2. Антагонисты допамина и прокинетические средства.
Известно, что допаминергические системы также активируются в течение начальных фаз мигрени. Следствием их активации также могут быть тошнота и рвота. Кроме этого, гастропарез, развивающийся при остром приступе мигрени, ведёт к снижению абсорбции медикаментов. Прокинетические агенты, такие как метоклопрамид увеличивают перистальтику желудка и увеличивают абсорбцию, являясь ещё и эффективным противорвотным средством.
Анти-допаминергические агенты, используемые при приступе мигрени, включают: в/в хлорпромазин (аминазин), в/в прохлорперазин, метоклопрамид, в/в дроперидол и домперидон (мотилиум). Все эти препараты должны находиться в кабинетах скорой медицинской помощи.

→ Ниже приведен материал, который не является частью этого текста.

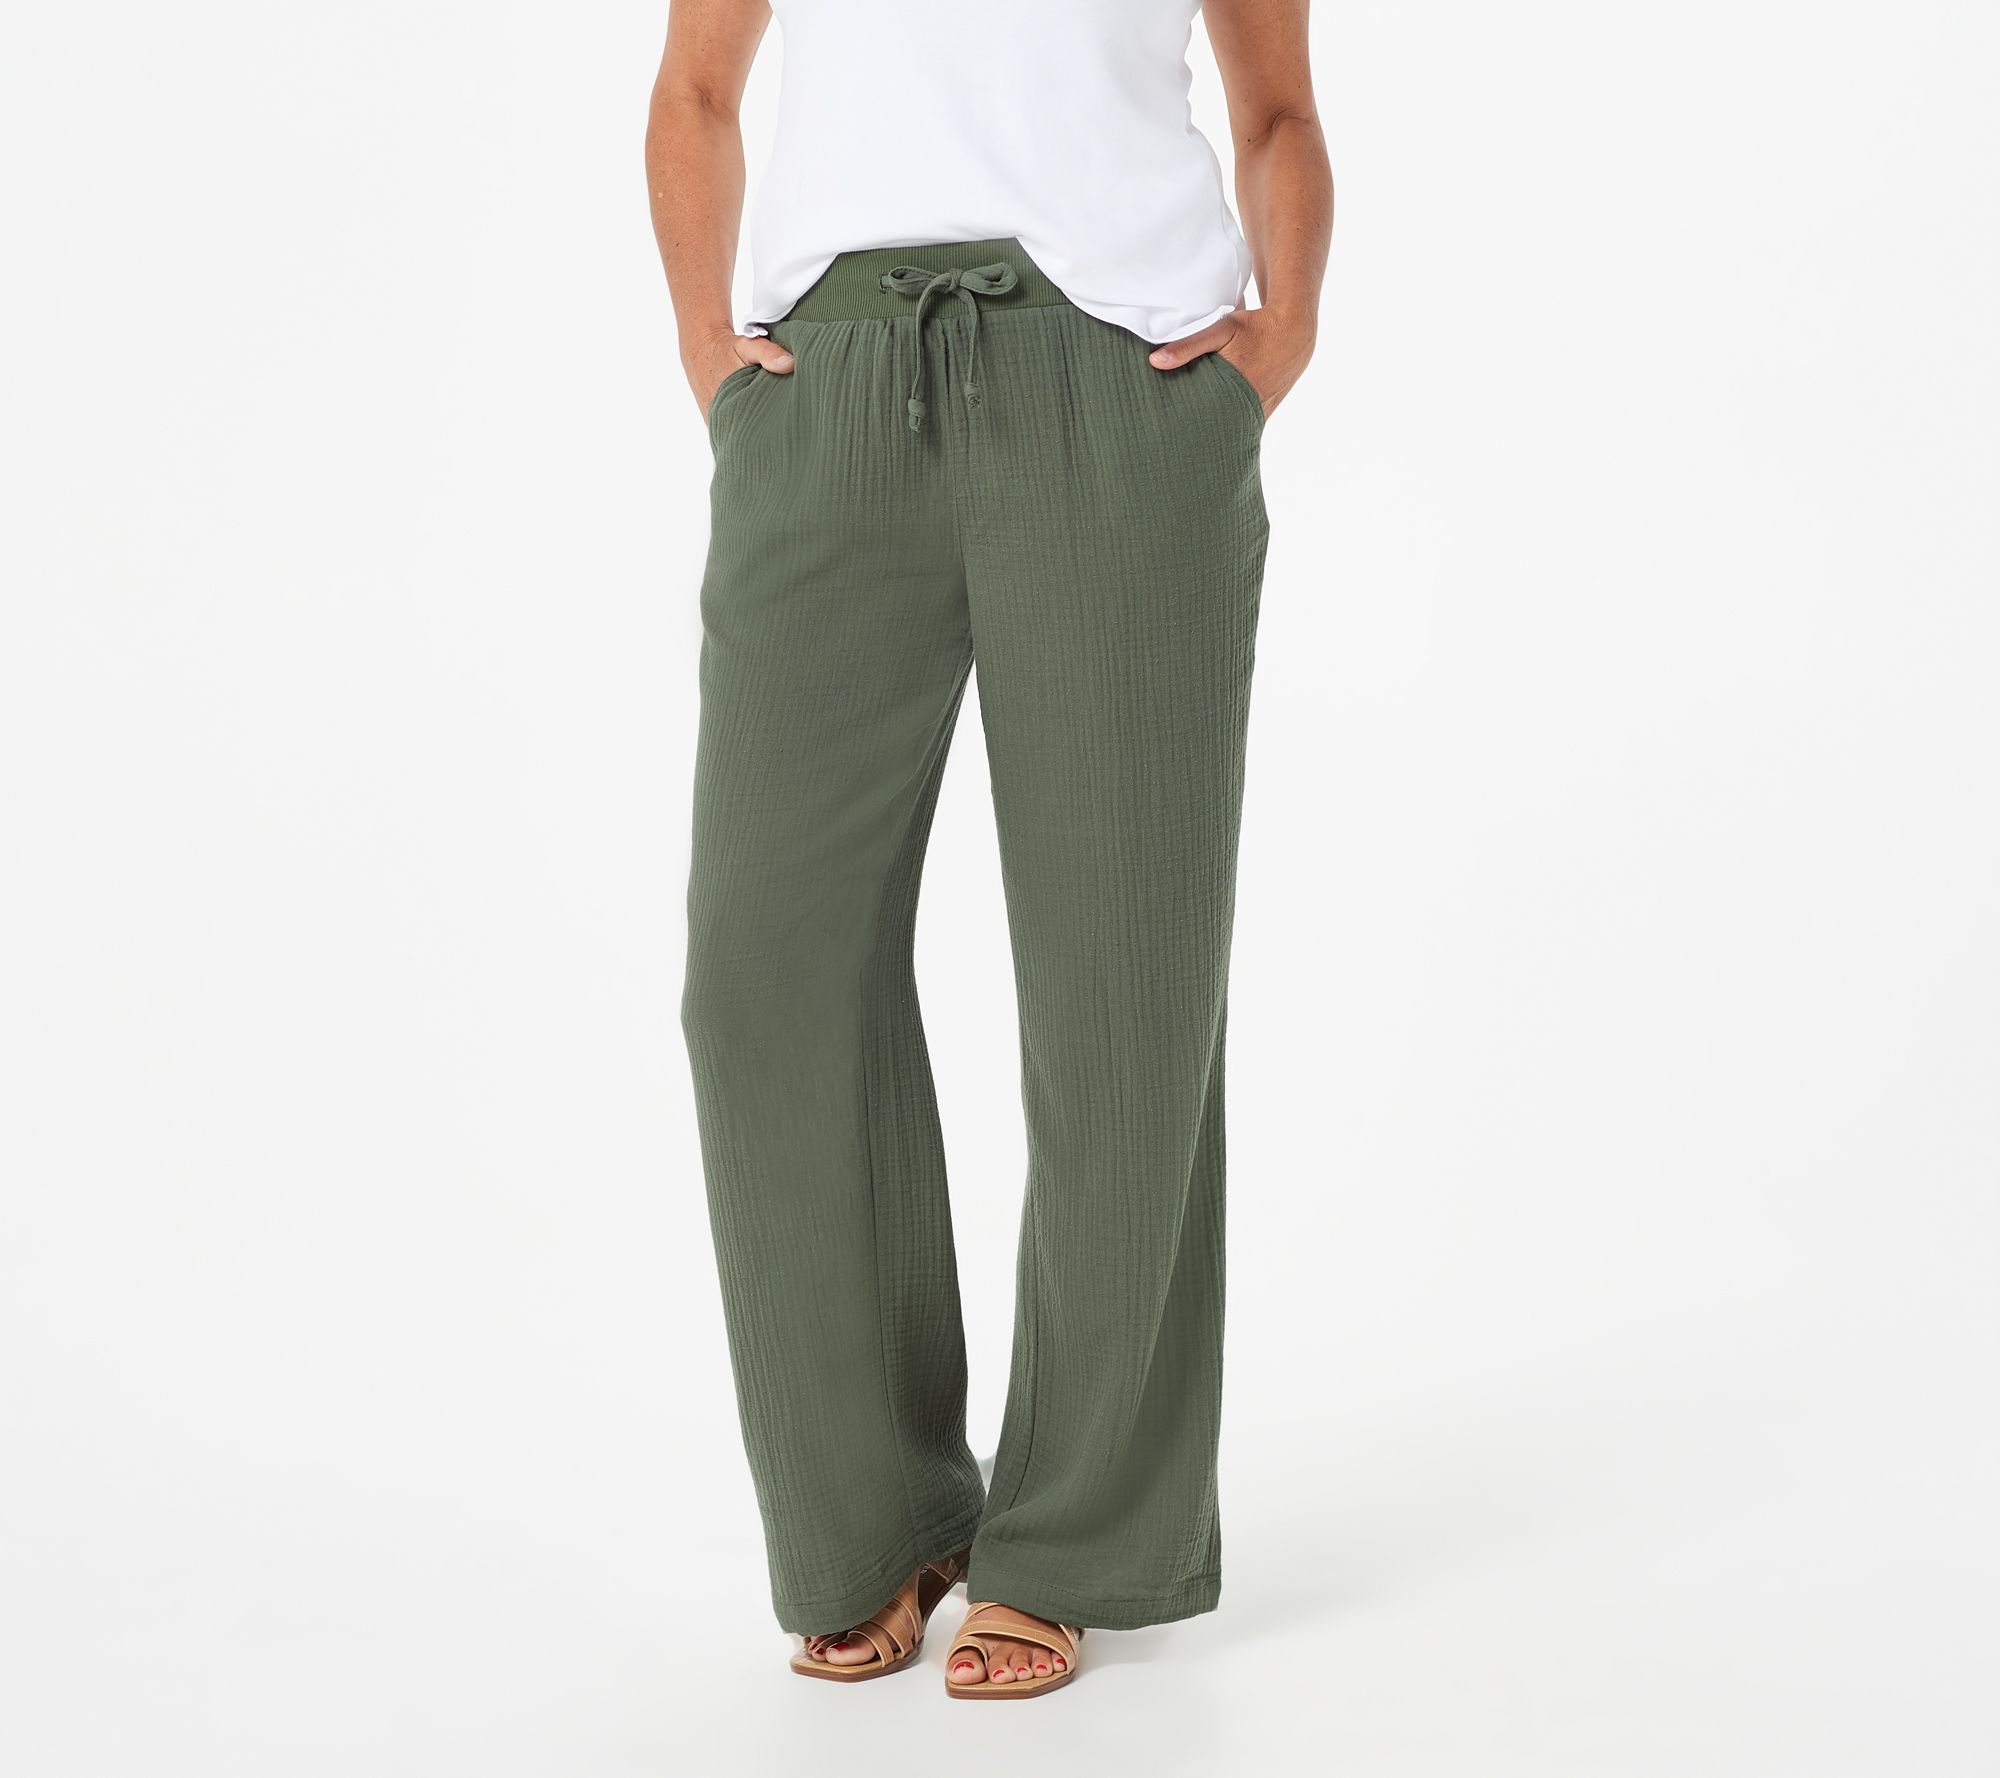 Denim & Co. Naturals Crinkle Gauze Pants with Pockets - QVC.com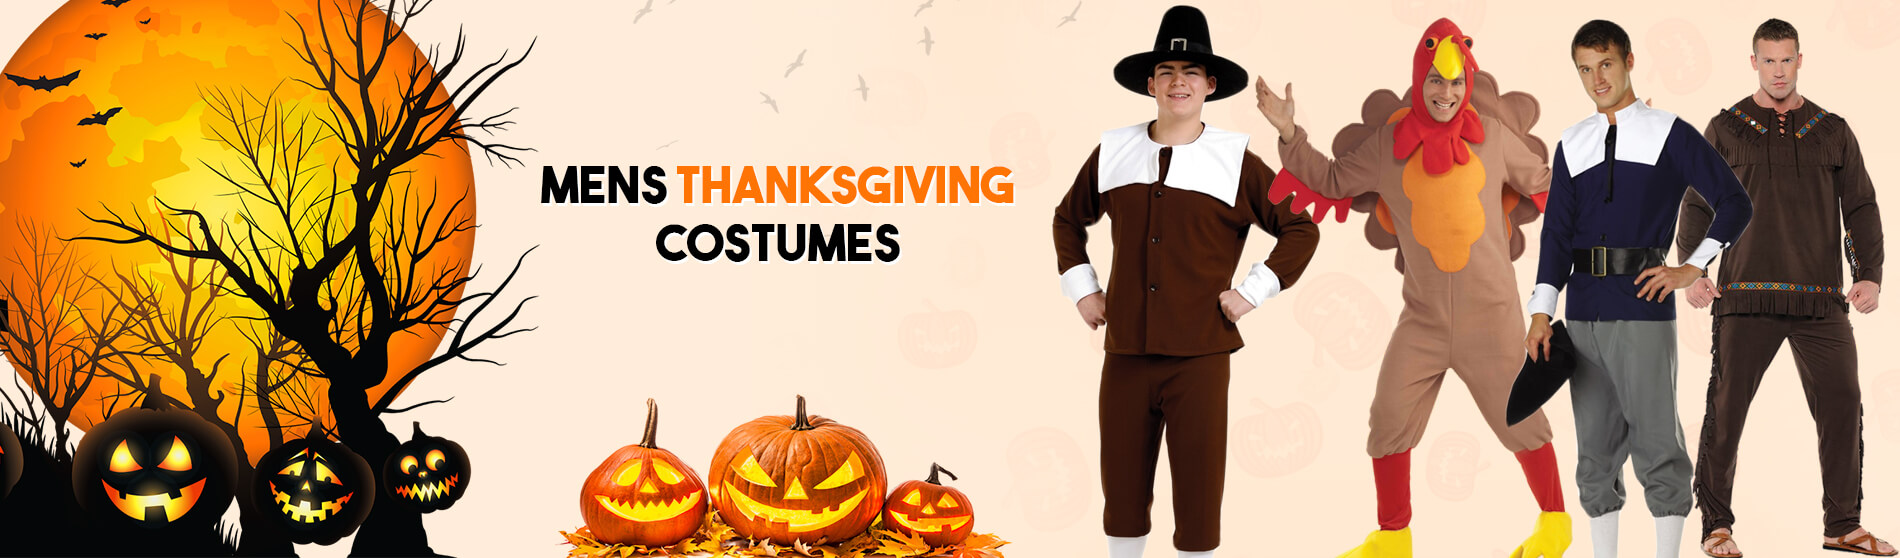 Glendale Halloween : mens-thanksgiving-costumes

3. Ингибиторы простагландина
К ним относятся нестероидные противовоспалительные средства (НПВС), применяемые обычно при лёгкой и средней степени приступа мигрени. Показано, что НПВС также или более эффективны, чем эрготамин. В одном из исследований отмечено, что комбинированное использование аспирина и метоклопрамида лишь слегка уступает по эффективности суматриптану. Напроксен в дозе 550-750 мг в известной степени эффективное средство при лёгкой и умеренной мигрени. В\м введение кеторолака в дозе 60 мг эффективно при многих мигренозных атаках. Новые, более лучшие возможности предоставляют препараты из группы ингибиторов циклооксигеназы 2 (СОХ-2), поскольку они не имеют побочных ж/к осложнений. Комбинация НПВС и метоклопрамида при острой мигрени ведёт к хорошему результату, как в отношении боли, так и тошноты.